Generally, that's a good thing. Who wouldn't like to recapture some of that childlike wonder and zest for life in their adulthood?
It's really difficult, though, if you're trying to get your children to fall asleep so you can work on something else.
Murphy's Law guarantees your kids won't feel like drifting off to a restful sleep on the same night you have work to do after they're out for the count.
Kids don't really understand what types of things keep us awake after they're sleeping. They seem to think a disco ball must fall from the ceiling when their eyes close. Maybe there's some cool dance music going. Of course, there must be really, really good snacks that put whatever they ate that day to shame.
They don't want to sleep because they don't want to miss anything.
To be clear, my children had absolutely no reason to believe great parties break out after they fall asleep. Most of the time, my wife and I are out a few minutes after the last of our children falls asleep.
I do need to use the word “had” instead of “have” in that previous paragraph, thanks to a big mistake on our part Thursday.
Thursday was my wife's birthday. (She's 29 and holding.) It was also the night before she needed to make a presentation to a group of visitors at her workplace, and her PowerPoint presentation wasn't quite ready. I agreed to help her with some of the setup of the presentation.
We finally and mercifully got the last of the children to bed around 9:30 p.m., or so we thought. Uninterrupted, my wife continued researching and jotting down notes, and I began setting up a template for her presentation.

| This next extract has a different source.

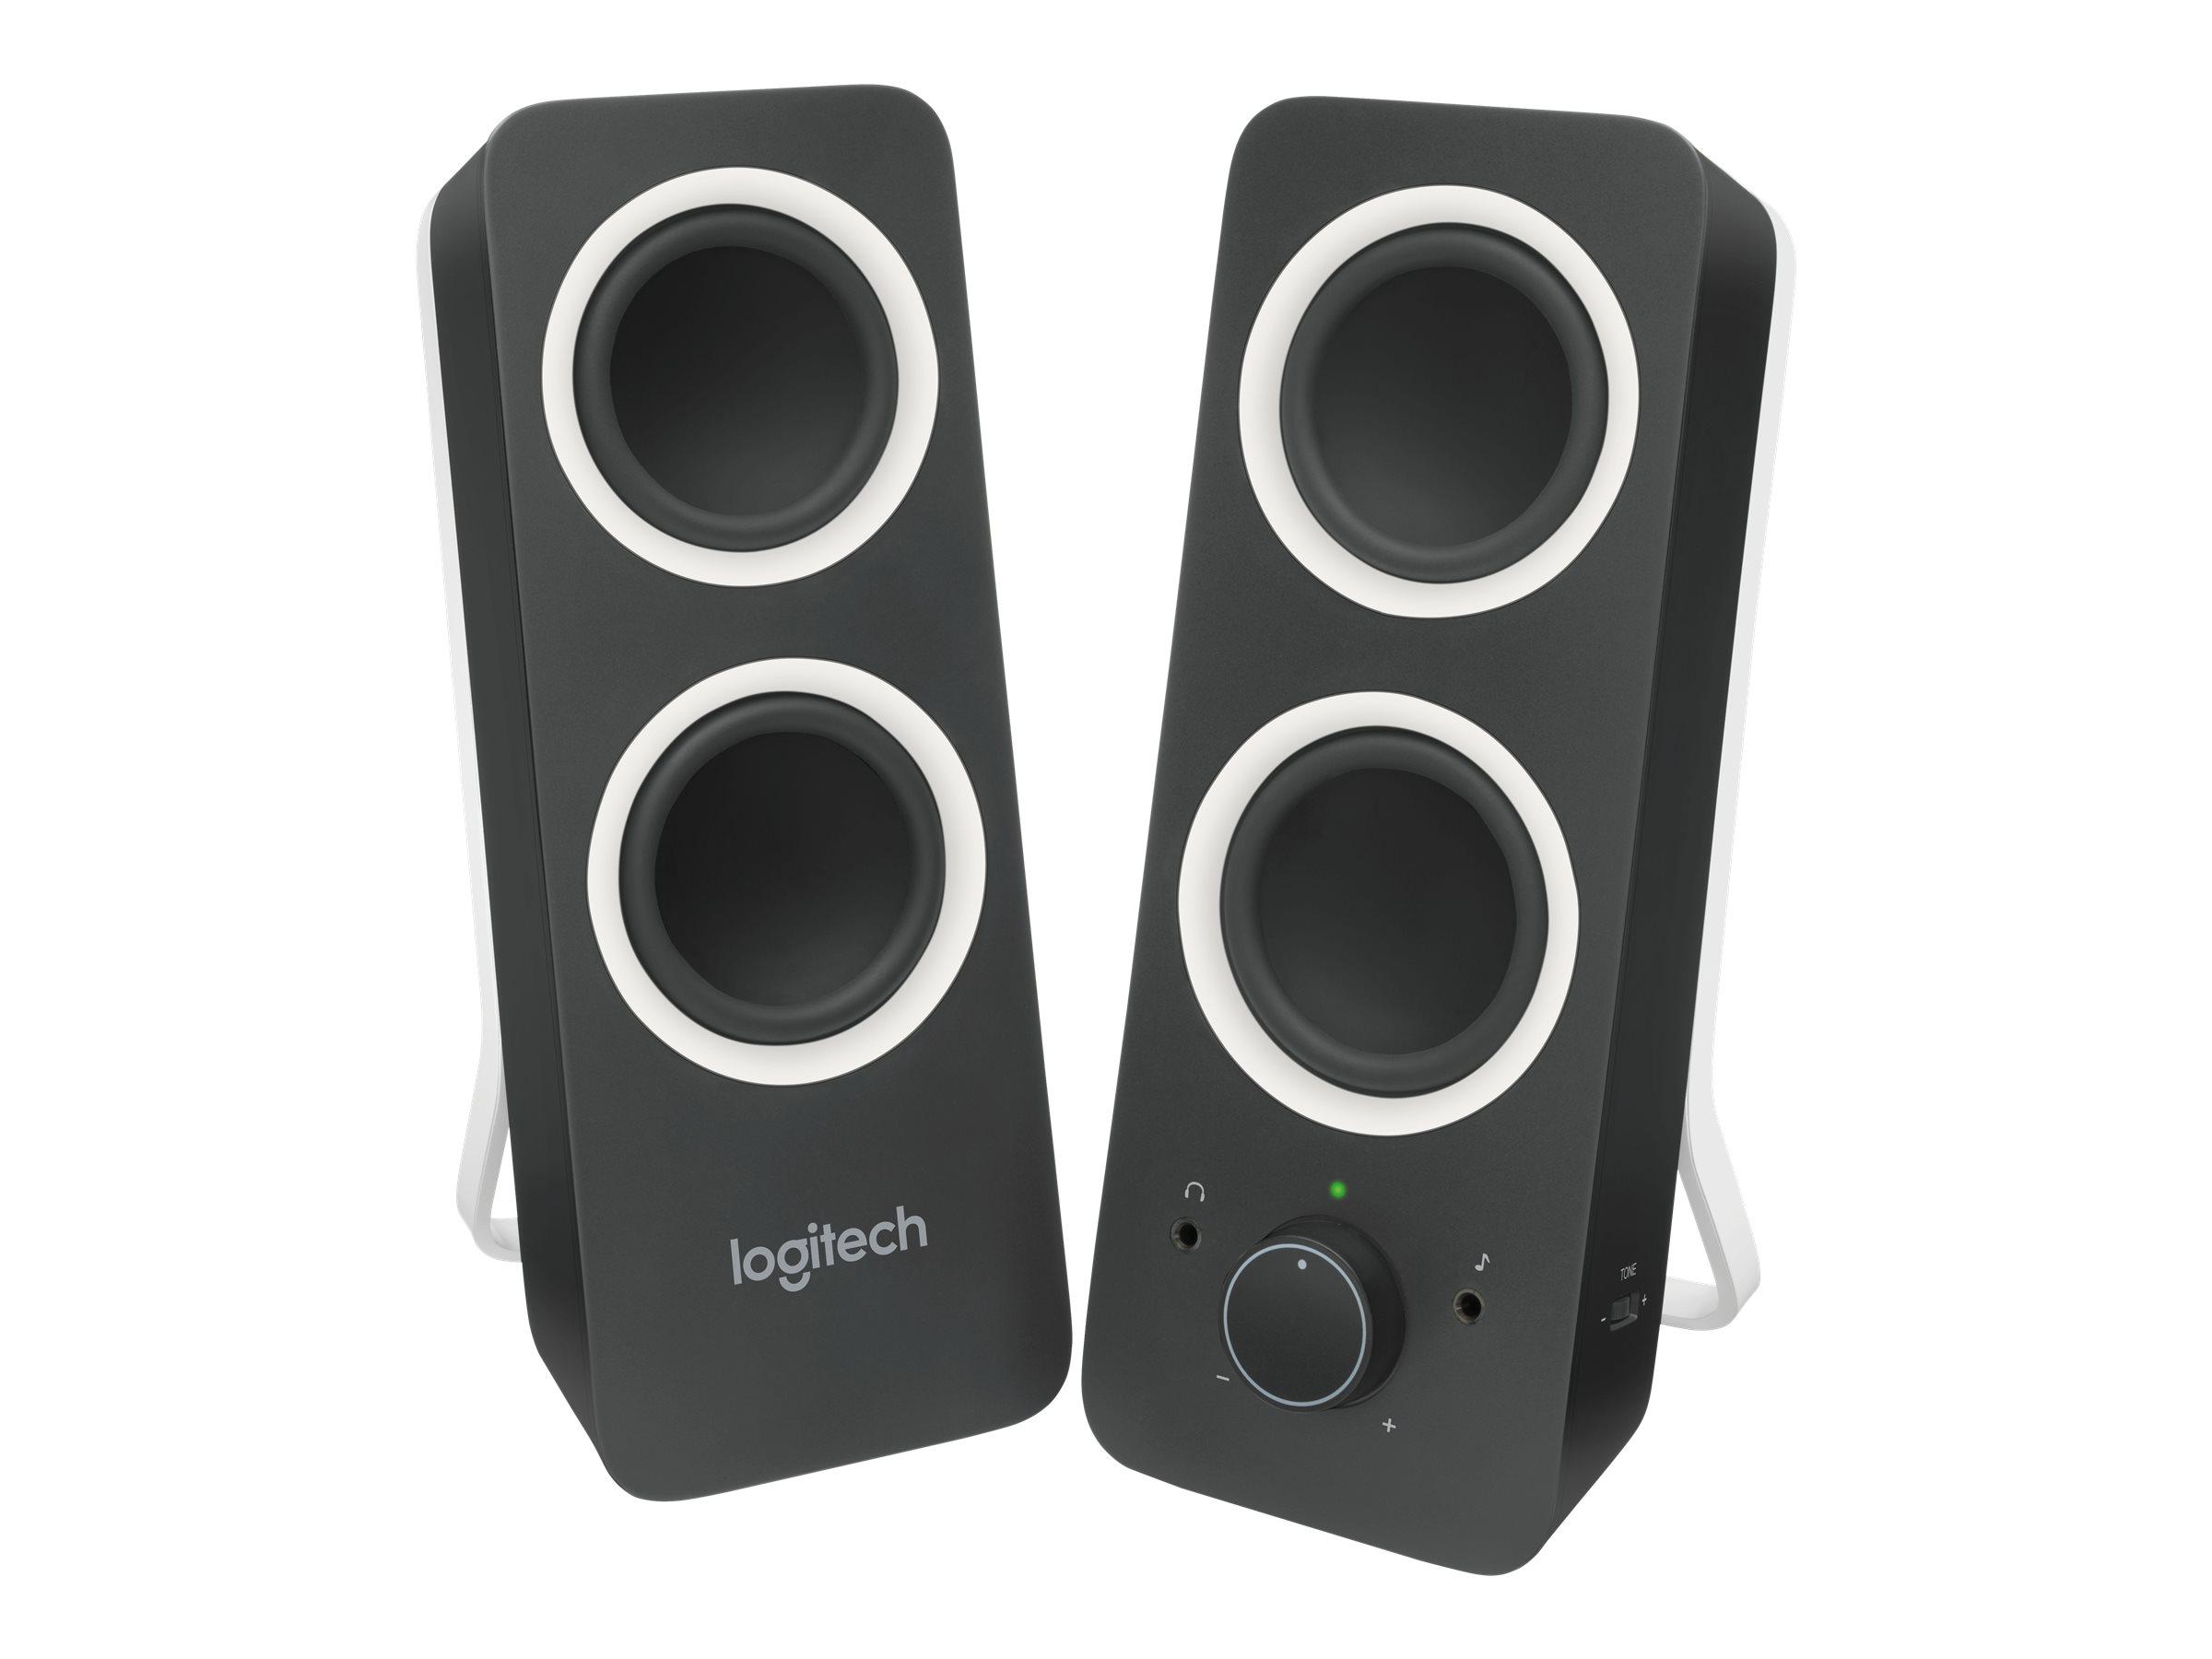 Logitech Z200 Stereo Speakers - speakers - for PC

Before we got too far, we agreed we could both use a nighttime sugar boost, so I made ice cream cones for us.
Perhaps ice cream at night has the same wafting aromas as coffee or bacon in the morning. I doubt we'd had more than four or five licks off those ice cream cones before our youngest daughter, 3, returned downstairs to see what we were doing.
That's when she caught us, eating ice cream after we told her we wouldn't be doing anything interesting after she fell asleep. She took the remainder of my wife's ice cream cone into custody.
I sense a little more suspicion in her in the days since. She seems to wonder what kind of fun we're having when she's not around. Everything's a cover-up to her, as she considers every conspiracy of fun that's possible. That one exception makes her think she's missing something wonderful.
Now it's up to us to regain her trust and prove we're just as boring after dark as she once thought we were.